Friday, January 28, 2011

"Backward living," I call it. Holding on to our past with emotional super-glue that keeps us bound to bitterness. Living in a mental prison confined by steel bars of hostility. If you've allowed yourself to dwell on ways you've been hurt, maybe it's time you unlock the shackles and set yourself free. Maybe it's time to follow Jesus' example: "Father, forgive them for they know not what they do." Words our Savior cried as He struggled to breathe while hanging on the cross. Important words. Life-changing words. Forward-thinking words.
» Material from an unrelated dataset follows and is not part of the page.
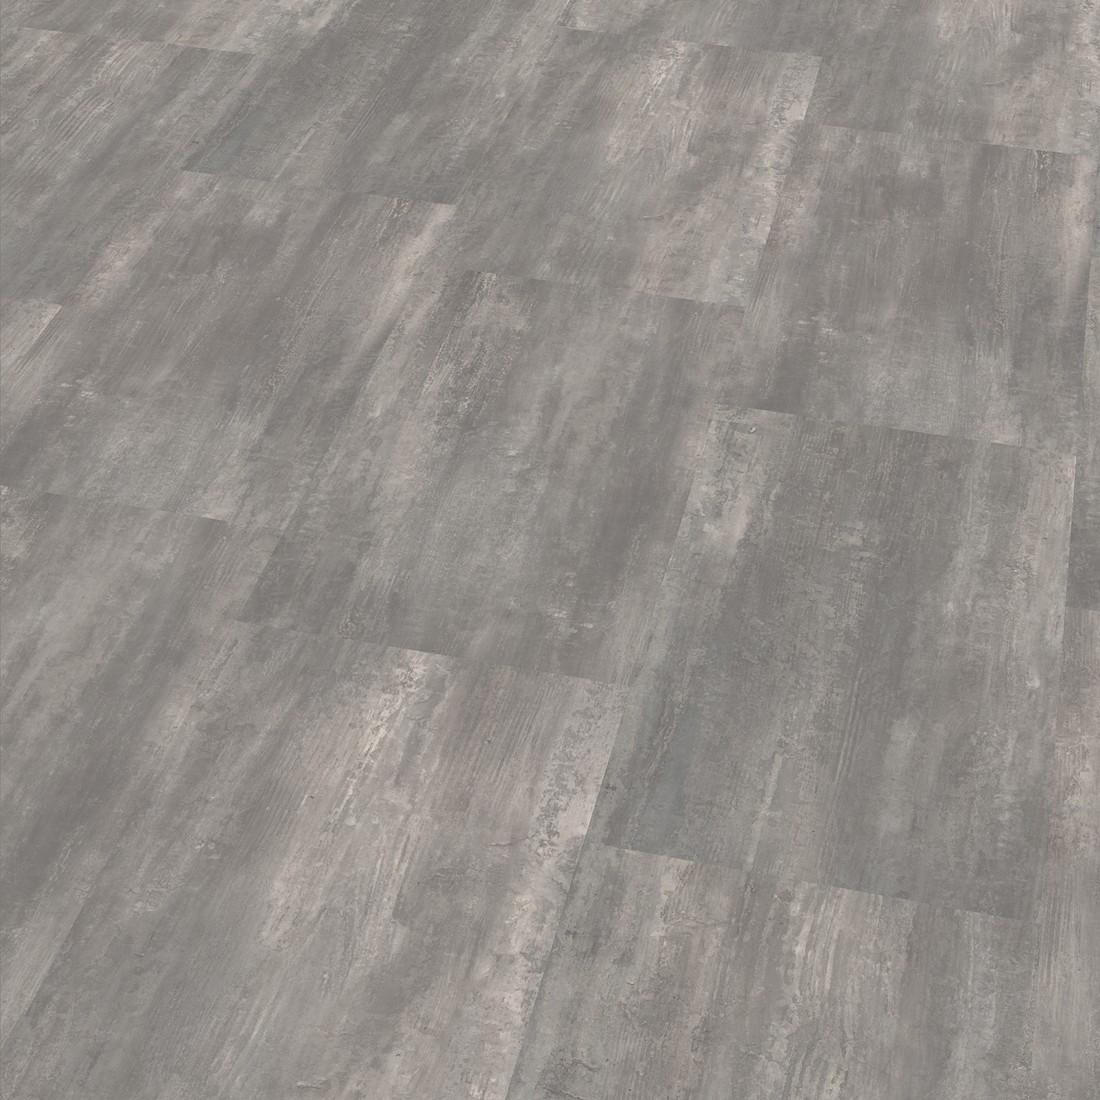 laminat berlin reparatur laminat with laminat berlin. Black Bedroom Furniture Sets. Home Design Ideas

Great concept ... just not the way we're wired, we tell ourselves. Or we cavalierly dismiss our defense with thoughts like, "Yeah, well that was Jesus. Forgiveness was no big deal to Him," or "Jesus didn't have the inconsiderate co-worker I have," or "Jesus had great parents; mine are straight from the loony bin." Whatever our rationale, whatever it is we choose to cling to, we permit our past to become our present. And when that happens, it also can become our future.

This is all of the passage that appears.